1
$\begingroup$

Is the following limit taking right? I am always confused as to when we are allowed to take the term-by-term limits then combine them as the correct full limit, sometimes term-by-term limit-taking doesn't give the right "full" limit... 
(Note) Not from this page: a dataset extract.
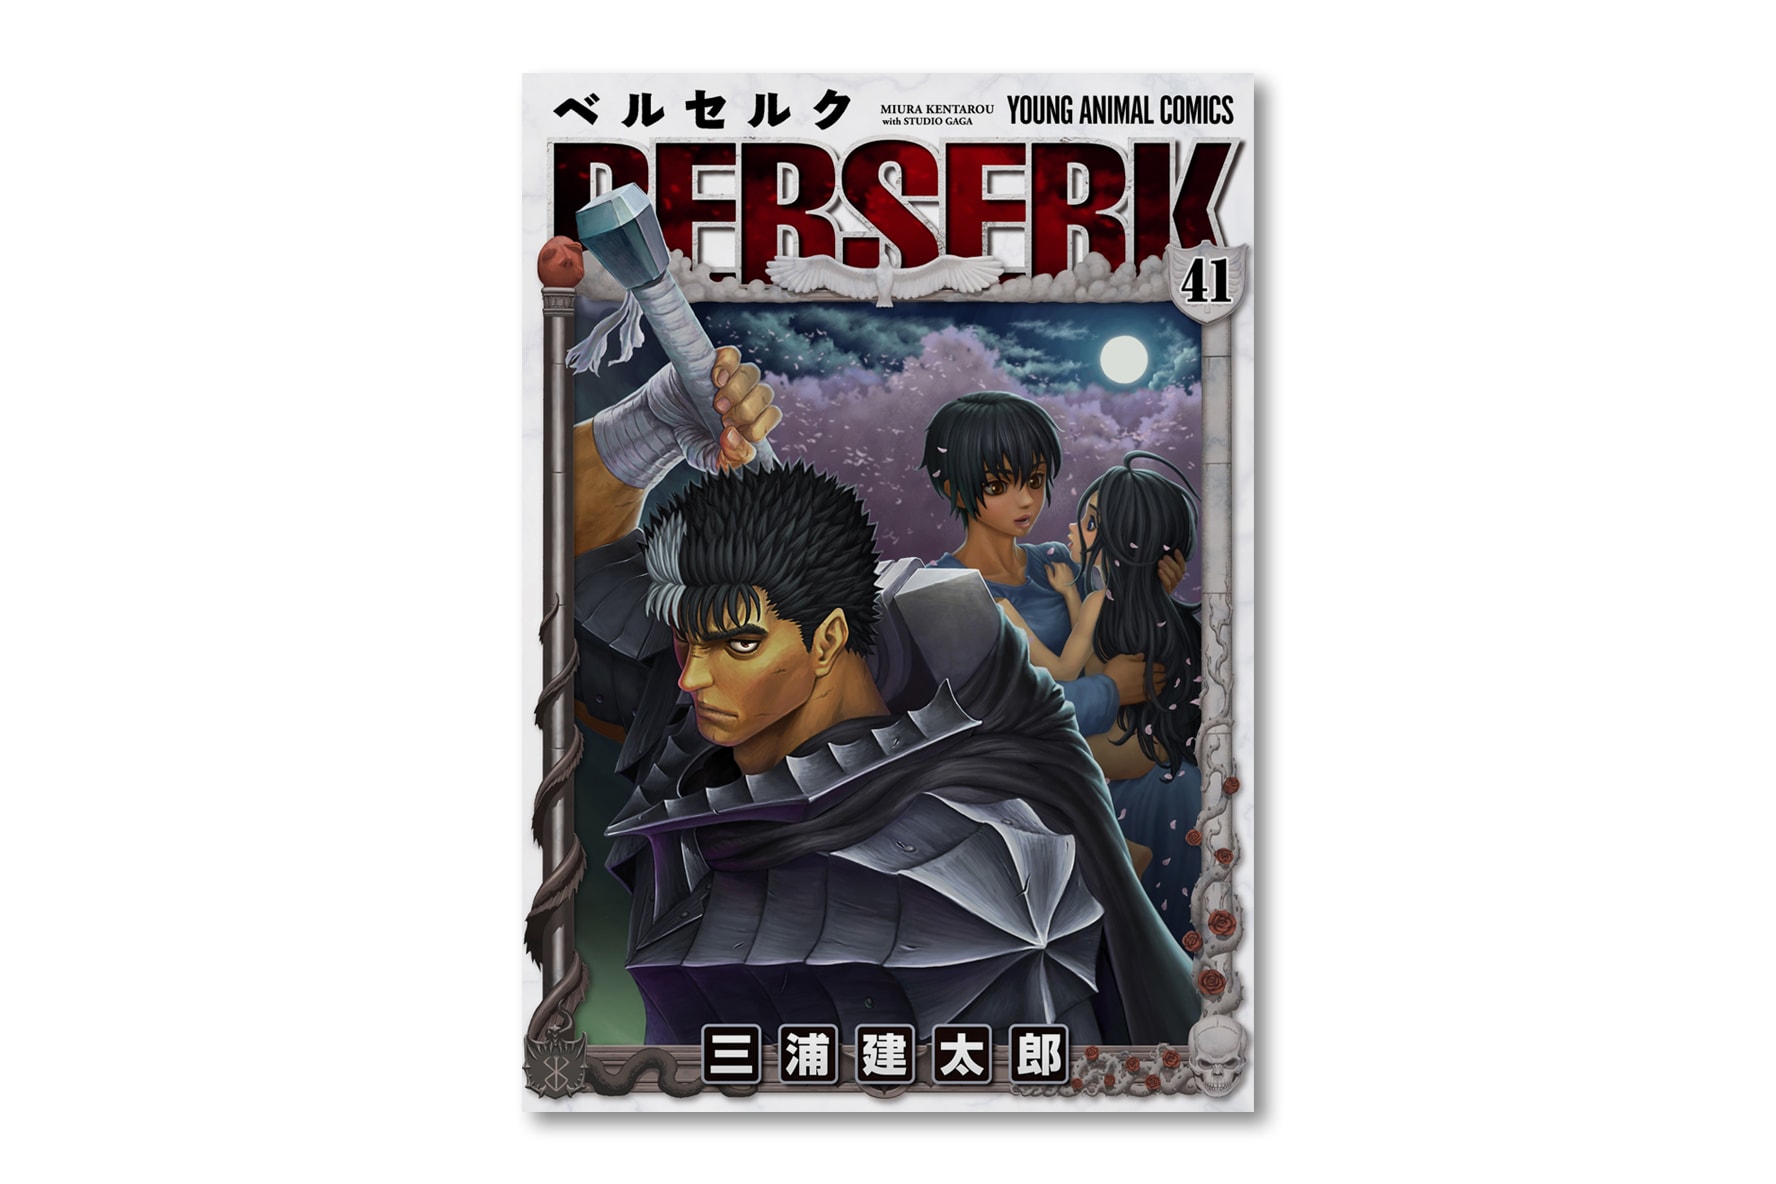 日本經典漫畫《烙印勇士 Berserk》全新單行本發售情報正式公佈

$\lim\limits_{\epsilon\to0} {cf(x)f(x+\epsilon)\over c+\epsilon}= f^2(x)$ perhaps I need to say that $f$ is continuous?

Thanks.

  • 0
    In most natural situations, term by term limit taking, **when** it gives an answer, gives the right answer. Note that important cases that you have been introduced to, such as $\displaystyle\lim\frac{\sin x}{x}$, are consistent with the above claim. If we take the limit of the top, the limit of the bottom, we do not get a *wrong* answer. We just get the expression $\frac{0}{0}$, which is utterly unhelpful.2011-11-04

2 Answers 2

4

Certainly you need that $f$ is continuous. If not, there could be values of $f(x+\epsilon)$ very different from $f(x)$ even for very small $\epsilon$. If $f$ is continuous this is correct. Do you have the theorem that the limit of a product is the product of the limits? You have $\lim\limits_{\epsilon\to0} {cf(x)f(x+\epsilon)\over c+\epsilon}=f(x)\lim\limits_{\epsilon\to0} (\frac{c}{c+\epsilon})f(x+\epsilon)$

2

If $c=0$ or $f(x)=0$, then the limit exists and is equal to $0$ regardless of $f(x)$.

If $c\neq 0$ and $f(x)\neq 0$, then the limit exists if and only if the limit $\lim_{\epsilon\to 0}f(x+\epsilon)$ exists.

If $\lim\limits_{\epsilon\to 0}f(x+\epsilon)=L$, then $\lim_{\epsilon\to 0}\frac{cf(x)f(x+\epsilon)}{c+\epsilon} = cf(x)\left(\lim_{\epsilon\to 0}\frac{1}{c+\epsilon}\right)\left(\lim_{\epsilon\to 0}f(x+\epsilon)\right) = \frac{cf(x)}{c}L = f(x)L.$ Conversely, if the limit you want exists, then so does the limit of $\left(\frac{c+\epsilon}{cf(x)}\right)\left(\frac{cf(x)f(x+\epsilon)}{c+\epsilon}\right) = f(x+\epsilon)$ (a product of two functions that have a limit has itself a limit, equal to the product of the limits), and so the limit will necessarily equal $f(x)L$ as above.

Now, by definition of continuity, $L=\lim\limits_{\epsilon\to 0}f(x+\epsilon)=f(x)$ if and only if $f$ is continuous at $x$.

So the limit equals $(f(x))^2$ if and only if either $f$ is $0$ at $x$; or if $c\neq 0$ and $f$ is continuous at $x$.

If you want the limit to equal $(f(x))^2$ for all $x$, then this holds if and only if $c\neq 0$ and $f(x)$ is continuous everywhere; or if $c=0$ and $f(x)=0$ for all $x$.